Just the same as if you did y vs y() from the example above.
I just wanted to share the information summarized by me based on the very helpful answers answers above and some additional research. Might be would be helpful for someone else also.
Functions can be declared in two ways in Scala:
- "call-by-name" - they are represented in the byte code as normal Java functions in a straightforward way.
- "call-by-value" - from Scala's abstract point of view they are stored in variables. Actually in the Byte code they are stored in classes implementing Single Abstract Method interfaces (SAM) and passed around as method parameters or as normal variables.
When we invoke a "call-by-name" function that does not take parameters it is always executed no matter how we call it with or without brackets.
So now myFunction and myFunction() is just the same.
When we invoke a "call-by-value" function that does not take parameters we have two cases:
- when we do not have brackets after it - myFunction - we just refer to the variable pointing to the function without executing function itself.
- when we have brackets - myFunction() - we actually call (execute) the function.
Different ways to declare function:
def myFunction = 5 * 5
This is call-by-name function. Declared this way no brackets allowed when calling it. So calling myFunction() will not compile. Call it this way: myFunction
def myFunction() = 5 * 5
This is call-by-name function. Can call the function with and without brackets - the effect is the same. So myFunction and myFunction() is just the same.
def myFunction = () => 5 * 5
This is call-by-value function (even when declared as def not val) . When calling it with brackets - myFunction() - function is executed, when calling it without brackets - myFunction - function is NOT executed - just val holding it is being mentioned.
Similarly if we declare function as other function's parameter:
def enclosingFunc(myFunction: => Void)
This is call-by-name function. Inside enclosing function it will be executed only if called without brackets - myFunction. With brackets - myFunction() - will not compile.
In this case enclosingFunc could be called this way:
enclosingFunc(n = 1; n +=1)
def enclosingFunc(myFunction: () => Int)
This is call-by-value function. It matters how we invoke it in the body of enclosing function. If invoke it without brackets - myFunction - it will NOT be executed, but we just refer to the object holing it. If invoke it with brackets - myFunction() - it will be called and executed.
In this case enclosingFunc could be called only in this way:
enclosingFunc( () => n = 1; n +=1)
In the first example the function fun doesn't isn't invoked, it juts sort of sits there. Adding the parenthesis cause the passed-in function to be evaluated.
A few times I saw a Scala code like that:
object Doer{
def doStuff(op: => Unit) {
op
}
}
Invoked in this way:
Doer.doStuff{
println("Done")
}
What is strange for me is how a function is passed to another function as just a block of code between curly braces. And there is even no parentheses that normally mark the beginning and end of argument list.

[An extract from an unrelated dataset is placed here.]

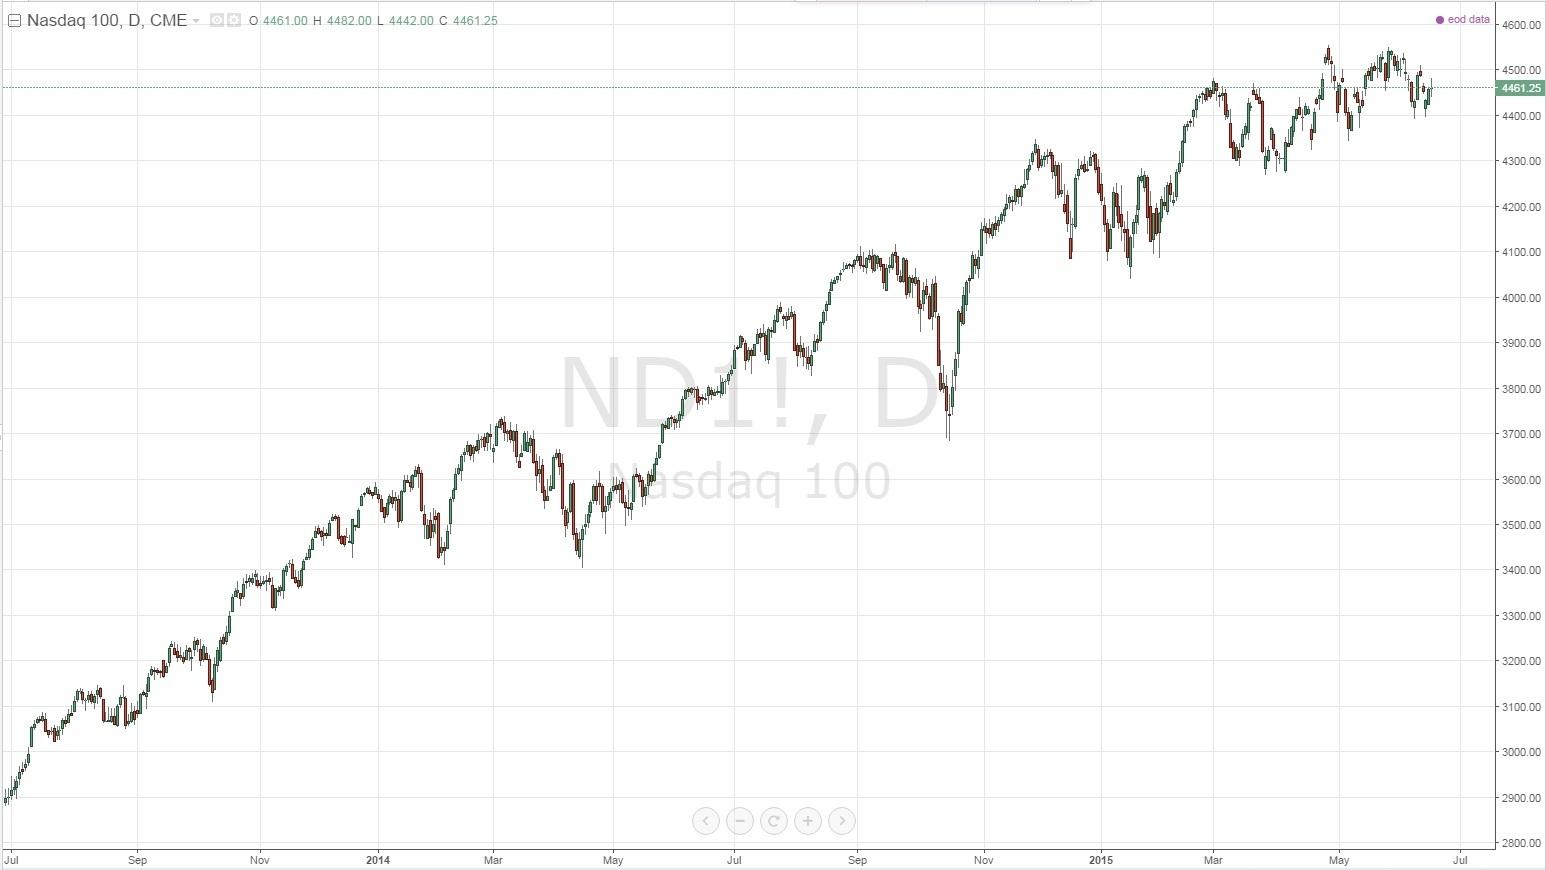 График американского индекса NASDAQ

What is the name of this Scala syntax/feature? In what cases I can use it? Where is it documented?
This is called either a nullary function or a thunk, and is an example of call-by-name evaluation: http://www.scala-lang.org/old/node/138
You can use nullaries pretty much anywhere you have a parameter list. They are basically just syntactic sugar around zero-argument functions that make them look like ordinary values, and are invoked whenever they are referenced.
So
def doSomething(op: => Unit) {
op
}
doSomething {
println("Hello!")
}
is exactly the same as:
def doSomething(op: () => Unit) {
op()
}
doSomething(() => println("Hello!"))
The one thing to keep in mind with nullaries is they are invoked every time they are referenced, so something like:
def foo(op: => Int) = op + op
foo {
println("foo")
5
}
will print "foo" twice.
Edit: To expand on Randall's comment, one of the big ways that a nullary function differs from a zero-arg function is that nullaries are not first-class values. For example, you can have a List[() => Int] but you cannot have a List[=> Int]. And if you had something like:
def foo(i: => Int) = List(i)
you are not adding the nullary function to the list, only its return value.